A couple of centuries ago was a specially bad time for a western woman to give birth, as doing so in hospitals was becoming common and doctors hadn’t discovered the link between “anatomy class first thing in the morning” and puerperal fever. I recently got a book with a way too long title which I recommend to anybody interested in the history of medicine - but not if they’re squeamish, nor close to meals.

There is a theory that until recently water births were more common, and water births are easier than giving birth on land while laying on your back.

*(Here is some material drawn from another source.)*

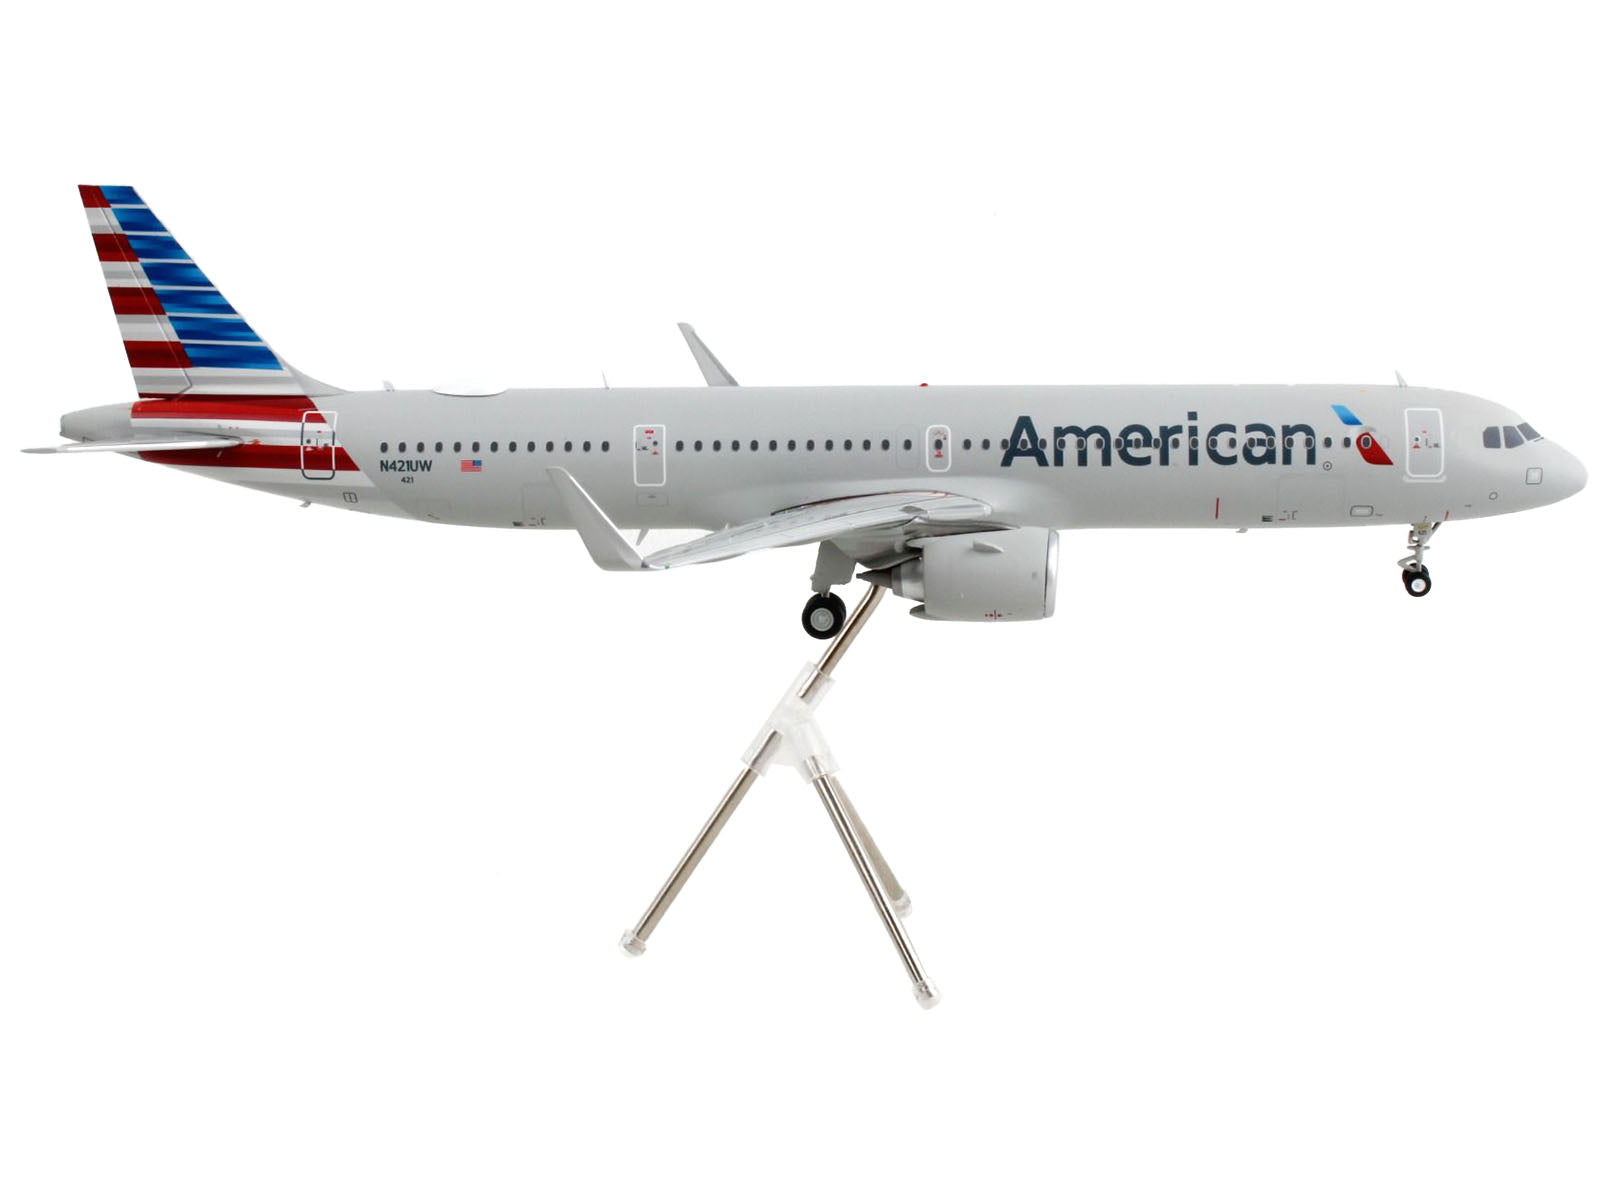 Airbus A321neo Commercial Aircraft "American Airlines" Silver with Striped Tail "Gemini 200" Series 1/200 Diecast Model Airplane by GeminiJets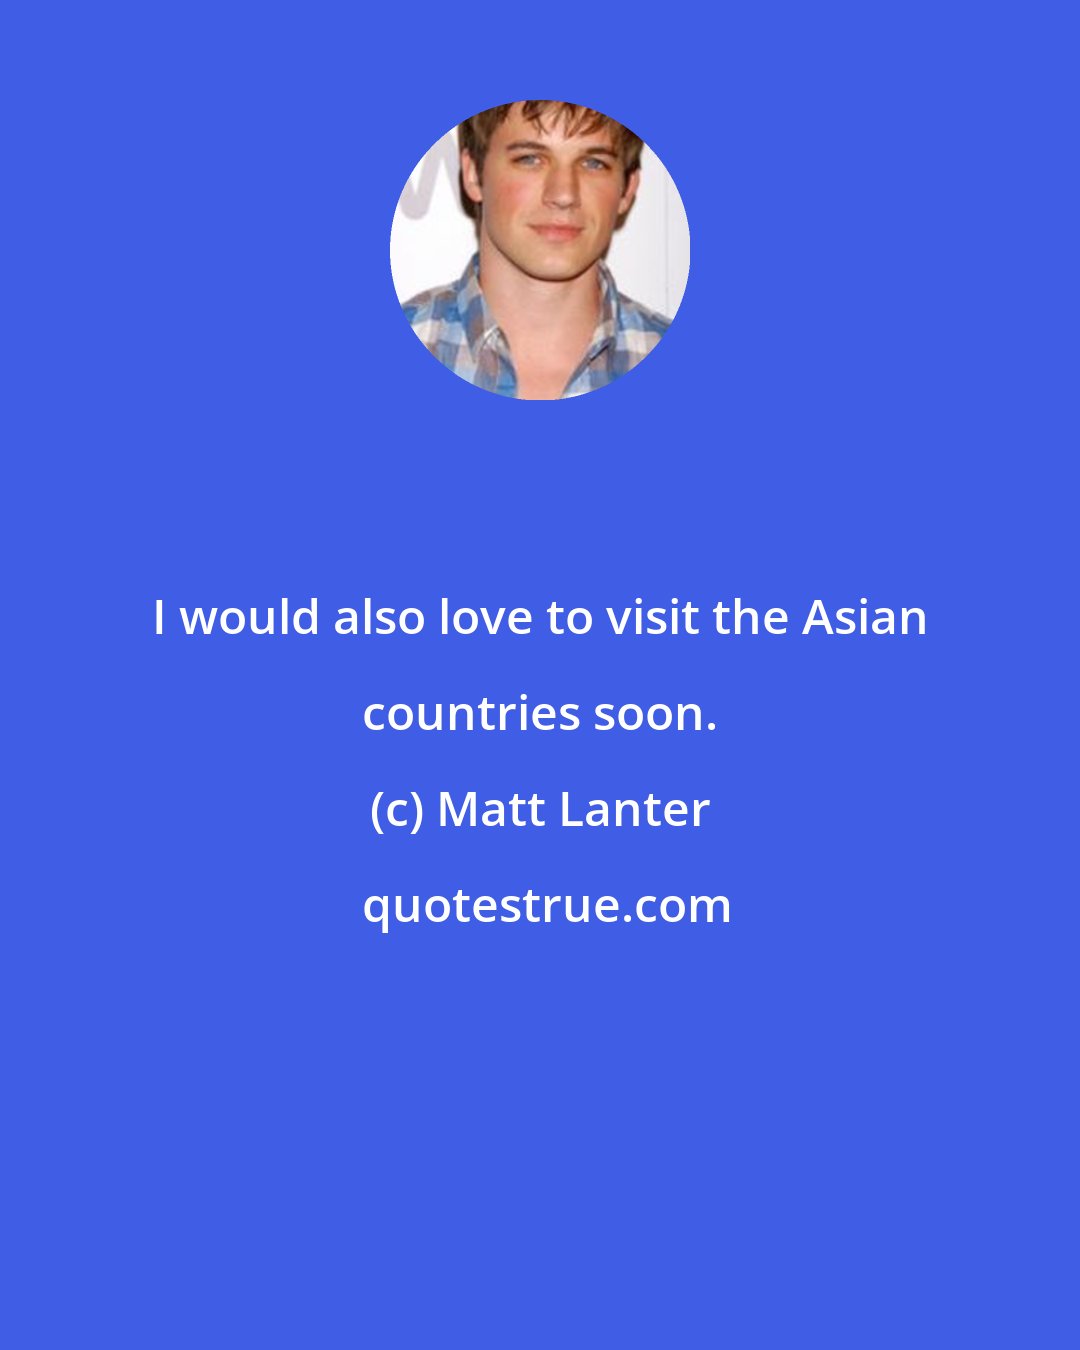 Matt Lanter: I would also love to visit the Asian countries soon.

http://www.waterbirth.org/assets/documents/Iran%20waterbirth%20trial.pdf

The reason is that Adam and Eve wanted to be like God, and to know good from evil. God therefore cursed us with big heads, to think with, like He does. The upshot is that childbirth is painful and difficult, and we spend all our time worrying about the future, instead of wandering around naked in the forest, and trusting God to provide for us.

The lesson: be careful what you wish for.
ETA: I’m not saying God has a big head. He might have a small head. We don’t know.

I think He is pretty full of Himself. He certainly seems to like being praised a lot.

He’s an ESFJ.

He’s a guy, so we all know the answer to that. He’s got a big head and a small head, but only enough blood to supply one at a time.

It can work the other way, too, though. Our neighbor tried to deliver naturally for her first child, and after more than a day of labor and fighting the pain, she was too exhausted to push, and she had to have a caesarean. For that birth and each one to follow, of course.

I wanted to have an unmedicated birth, for several of the reasons already listed. I wanted to be clear-headed and aware of what was happening. I didn’t want the baby to be affected by the anesthesia. I didn’t want to have multiple interventions during the birth. However, after a long, stalled labor, I opted to have my water broken, and then to have an epidural. That led to lots of other things (IV fluids, oxygen, various other monitors), but it also allowed me to sleep for a few hours before giving birth, and I was able to deliver vaginally.

With my second kid, I had an emergency c-section. I begged the anesthesiologist to give me a spinal, rather than general anesthesia. I wanted to be awake for my son’s birth. The first delivery was a much better experience, despite it not going as I had planned.

All this time and I never realized my neighbor posts on the SDMB. :wink:

My wife likewise did her best until she hit the twenty-five hour mark, at which point they cued the c-section; the doctors had kept telling her to push, in hopes that the baby’s head would eventually line up properly; turns out that, er, no, as it happens, the angle was perfect, but the size was simply impossible.

I’m not sure what that means, Garden-of-Eden-wise, for my petite wife and enormous-headed daughter.